__Task item__:
Retype the entries below exactly, and keep every picture out of your version.
[Excerpted records Boundary: Start]
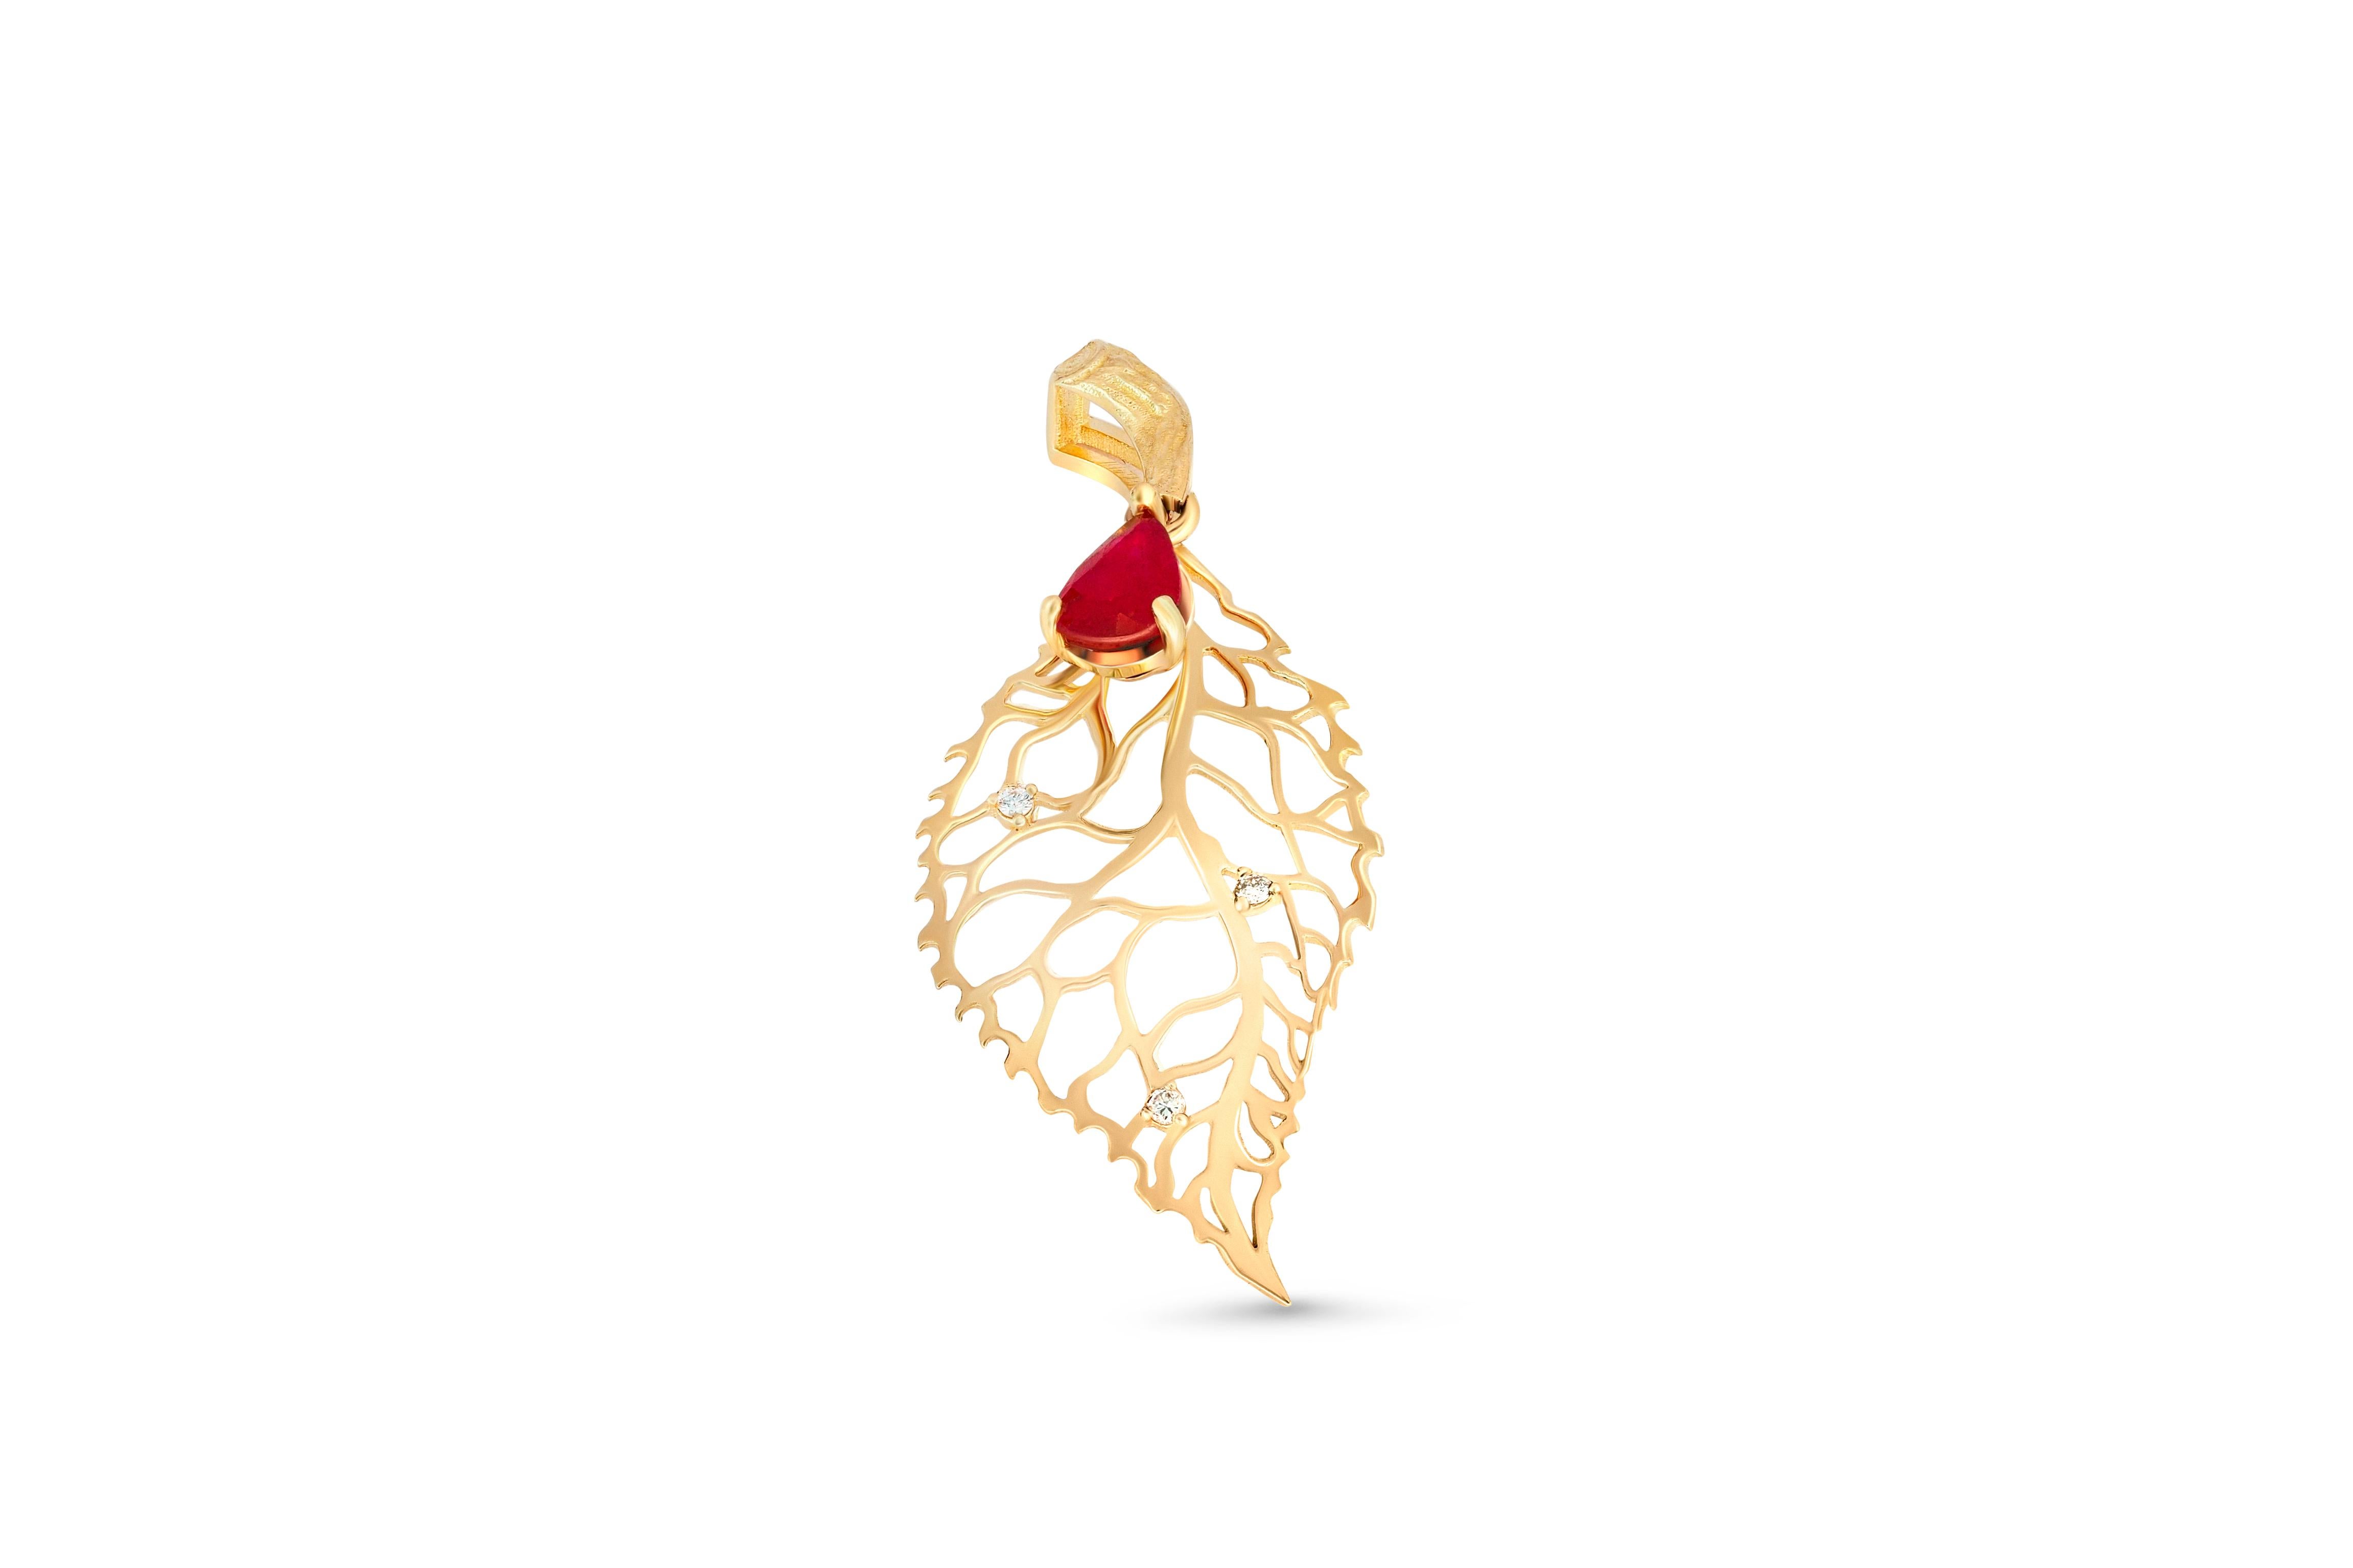 Leaf pendant with ruby and diamonds. 
14k gold leaf pendant. Pear ruby pendant. Genuine ruby pendant. Small Leaf, Mini Charm Necklace.

Weight: 1.3 g.
Gold - 14k  gold.
Pendant size in mm - 37х14.86 mm. 

Central stone:ruby
Cut: pear
Weight: 0.75
[Excerpted records Boundary: End]
__Solution below__:
 Leaf pendant with ruby and diamonds. 
14k gold leaf pendant. Pear ruby pendant. Genuine ruby pendant. Small Leaf, Mini Charm Necklace.

Weight: 1.3 g.
Gold - 14k  gold.
Pendant size in mm - 37х14.86 mm. 

Central stone:ruby
Cut: pear
Weight: 0.75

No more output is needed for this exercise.